Le boom spectaculaire de la population de Grande Aigrette en Europe a profondément modifié le paysage ornithologique des campagnes wallonnes ces 30 dernières années.
Encore soumise à homologation jusqu’en 1997, l’espèce est devenue d’observation familière, même pour le grand public, autour des zones humides, mais aussi dans les plaines agricoles, l’oiseau appréciant particulièrement chasser les campagnols.
Photo Stéphane Bocca
La carte ci-dessous, tirée de l’Atlas des oiseaux nicheurs d’Europe (EBBA), montre la progression spectaculaire de la Grande Aigrette entre les années 1980 (EBBA1) et les années 2013-2017 (EBBA2). Les carrés bleus sont ceux conquis par des nicheurs entre ces deux périodes.
Une particularité de cet ardéidé réside aussi dans l’orientation de ses migrations, dirigées essentiellement d’est en ouest, alors que la composante nord-sud est très limitée dans ses mouvements saisonniers. Les oiseaux de l’importante population reproductrice d’Europe orientale se répandent ainsi vers l’Europe centrale et nos contrées en hiver. On devine très bien ce pattern sur la carte de l’atlas européen des migrations d’EURING ci-dessous.
Les reprises du baguage en Belgique (carte visible sur le site du Centre Belge du Baguage) montrent que les oiseaux visibles chez nous en automne-hiver proviennent souvent de latitudes semblables à la nôtre, mais situées plus à l’est: Biélorussie, Hongrie, Pologne…
Bref, ces élégantes silhouettes blanches deviennent de plus en plus visibles dans les plaines agricoles, en particulier dans les prairies riches en micromammifères.
Mais cet automne 2025, il me semblait remarquer un léger creux dans les observations autour de chez moi, dans le Condroz. Depuis peu, notre spécialiste “maison” en statistiques, Thomas Duchesne (un des herpétologues du Département Études) met au point une méthodologie qui permet de déceler des tendances dans les occurrences des espèces à partir des données “courantes”, c’est-à-dire essentiellement celles qui proviennent d’Observations.be (cette famille de méthodes statistiques s’appelle le “site-occupancy modelling”, vous en entendrez encore parler…).
À peine lui ai-je fait part de mes interrogations sur le héron blanc qu’il teste la question.

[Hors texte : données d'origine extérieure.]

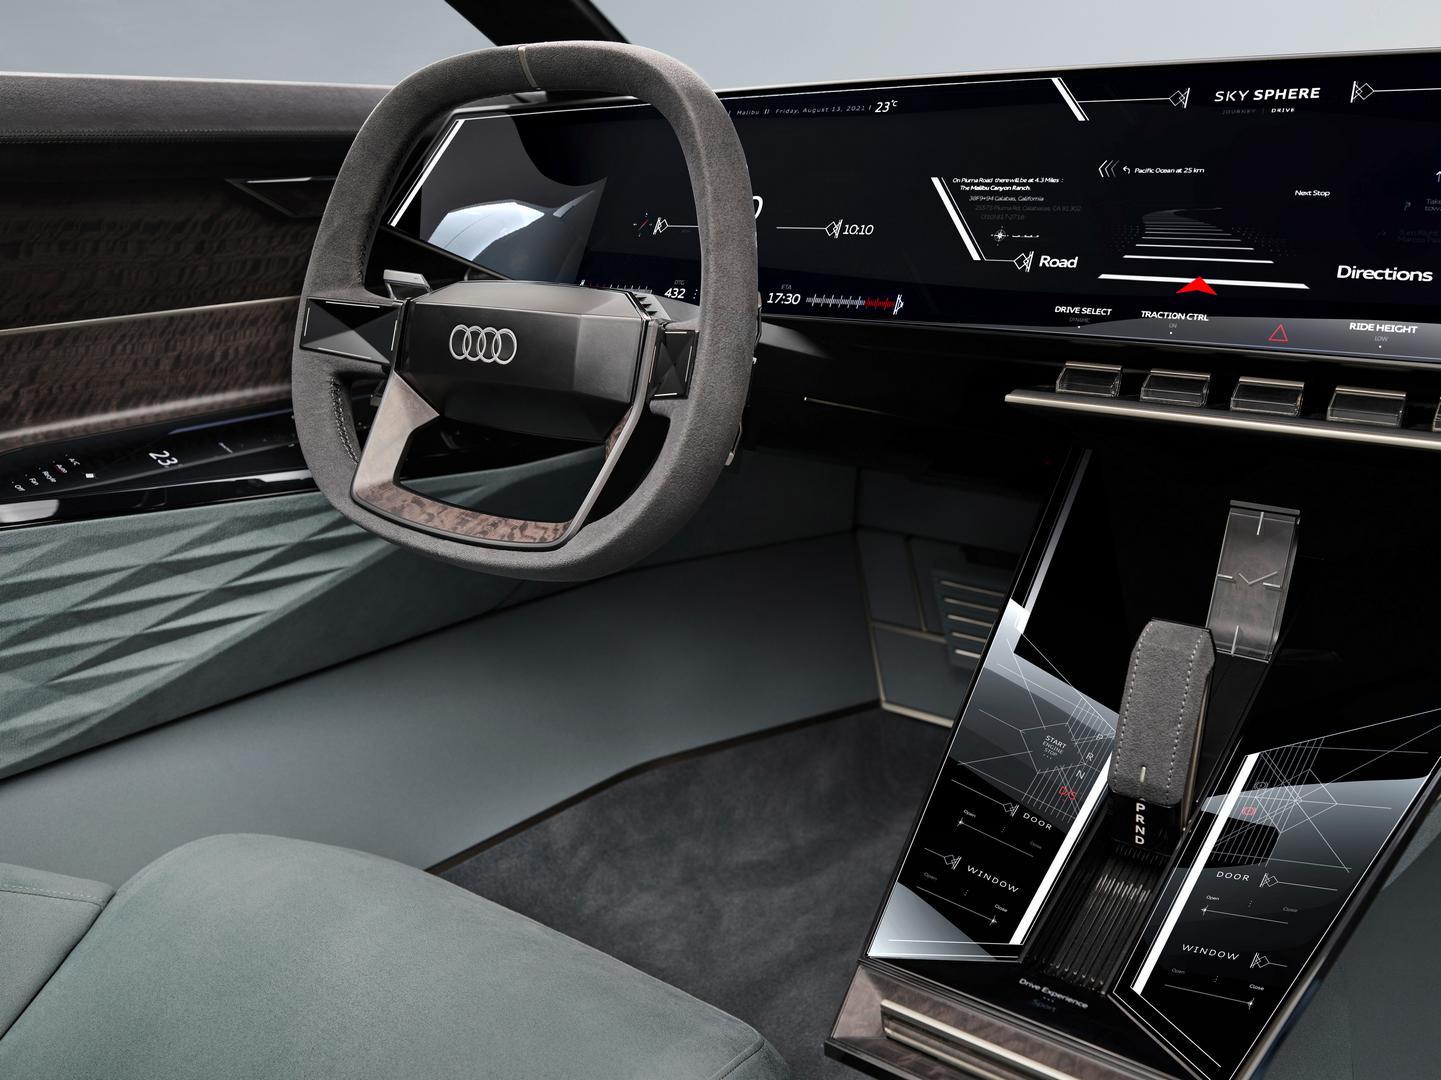 Audi skysphere interior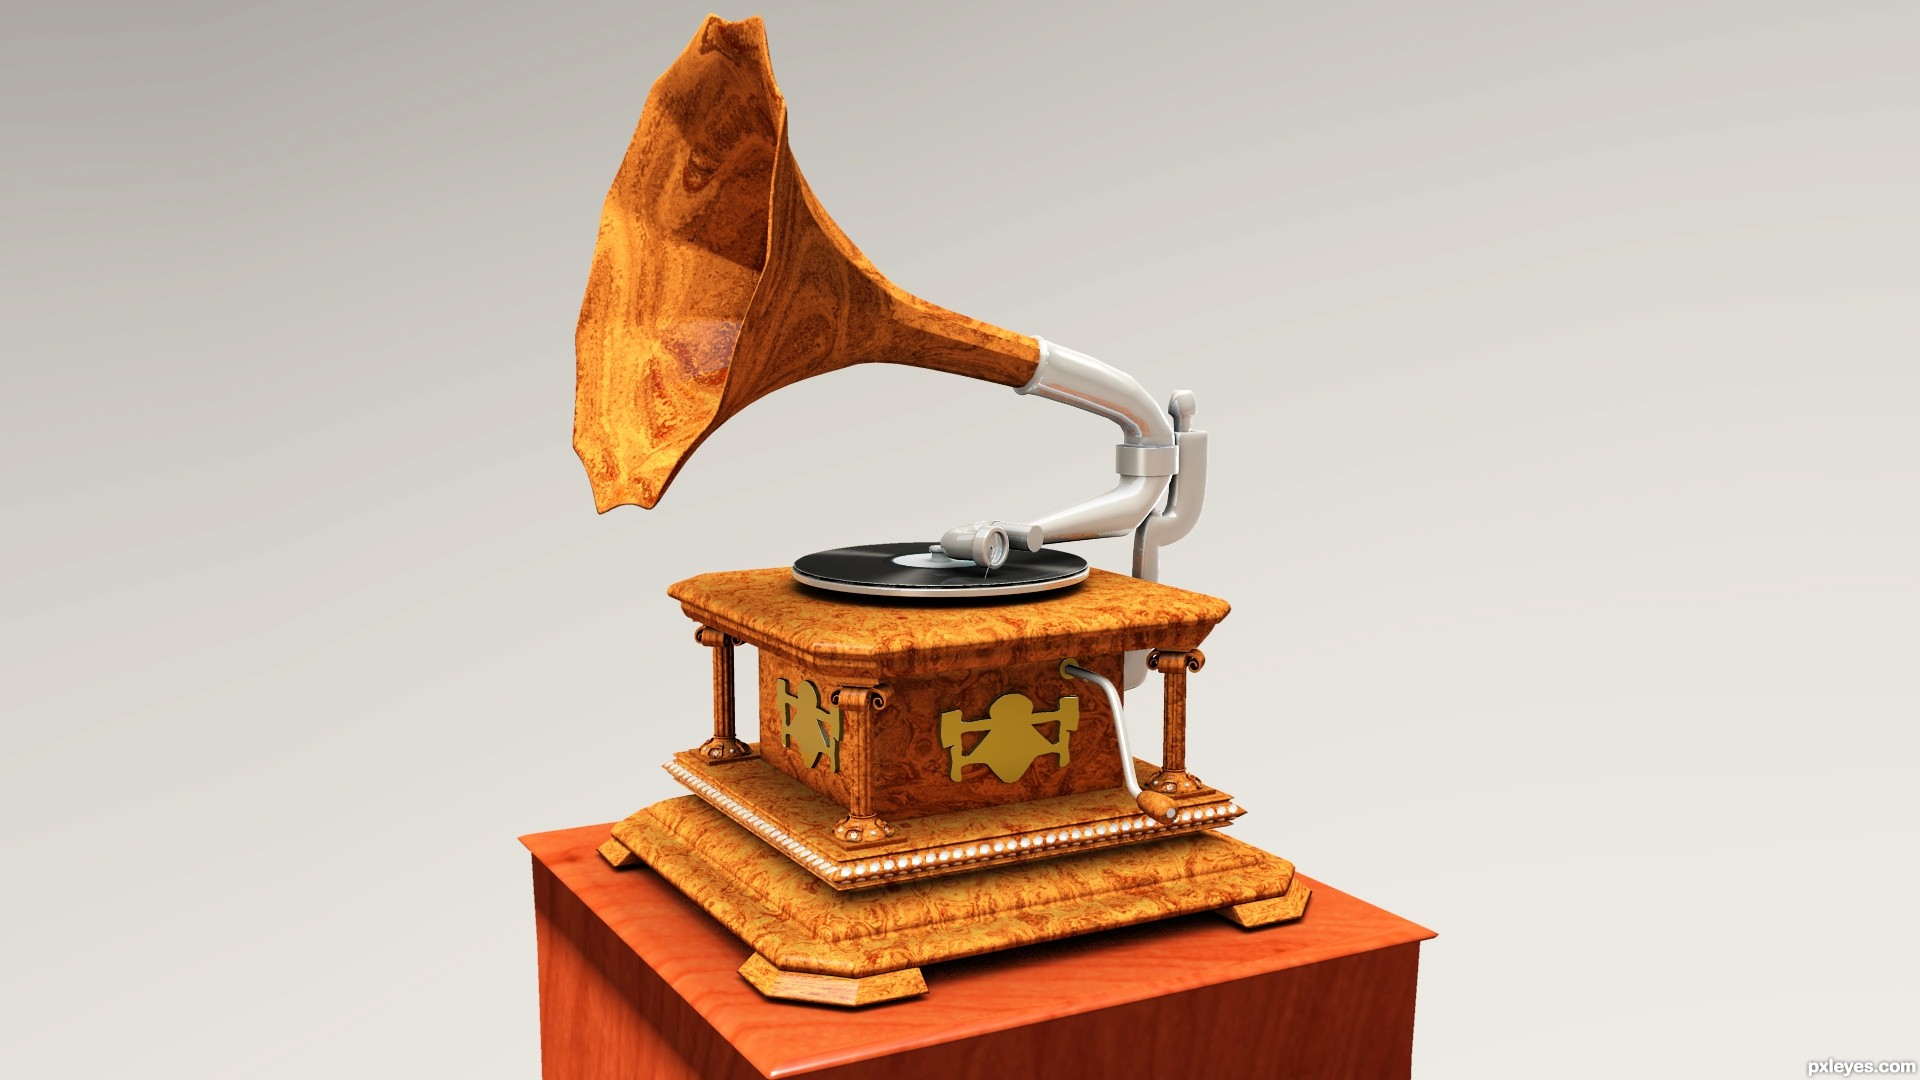 Gramafon Gramophone-De-Luxe-4c9e47fca8af7_hires

D’abord en prenant la période hivernale (janvier-février) sur les 13 derniers hivers:
Sans entrer dans les détails de la méthode, le graphe ci-dessus montre l’expansion de la Grande Aigrette en tant qu’hivernant en Wallonie entre 2013 et 2025 (période de fonctionnement en plein d’Observations.be), bien qu’une forme de stabilisation soit finalement visible.
Par contre, si on se focalise (ci-dessous) sur la période septembre-octobre, une forte inflexion se dessine en 2025 (à noter que ceci n’est qu’un résultat préliminaire, nécessitant un raffinage statistique).
On serait ainsi retourné une dizaine d’années en arrière dans la fréquence de la Grande Aigrette. Bien sûr, cela ne veut pas dire qu’elle soit redevenue “rare”, des dortoirs rassemblant plusieurs dizaines d’individus ont bien été signalés sur divers sites. Mais il semble bien qu’elle soit cet automne nettement moins omniprésente que sa courbe de progression nous avait habitué ces dernières années.
Dernière indication à considérer: le flux de sa migration active comptabilisé par les stations belges de suivi de la migration sur Trektellen. Là aussi on perçoit un léger recul, du moins après un automne 2024 de tous les records:
Le ralentissement se marque encore plus si on se focalise sur Honnay, une des stations suivies le plus régulièrement en Wallonie (située entre Famenne et Ardenne, juste à l’est de la Meuse):
Un phénomène à suivre donc, et qui pourrait n’être qu’un épisode plutôt qu’un coup d’arrêt dans la progression générale de la Grande Aigrette. Peut-être simplement les campagnols sont-ils particulièrement peu abondants cette année dans les prairies habituellement fréquentées par les aigrettes en hivernage ? Quelle est votre impression ?
Quoi qu’il en soit, continuez à ouvrir l’œil, même sur cet oiseau devenu fréquent, ne fut-ce que parce qu’il est magnifique à contempler !
Et continuez à l’encoder ;-) !
Merci à tous les observateurs et aux bagueurs qui se cachent derrière les cartes et les graphiques ci-dessus, ainsi qu’à Thomas Duchesne pour les analyses.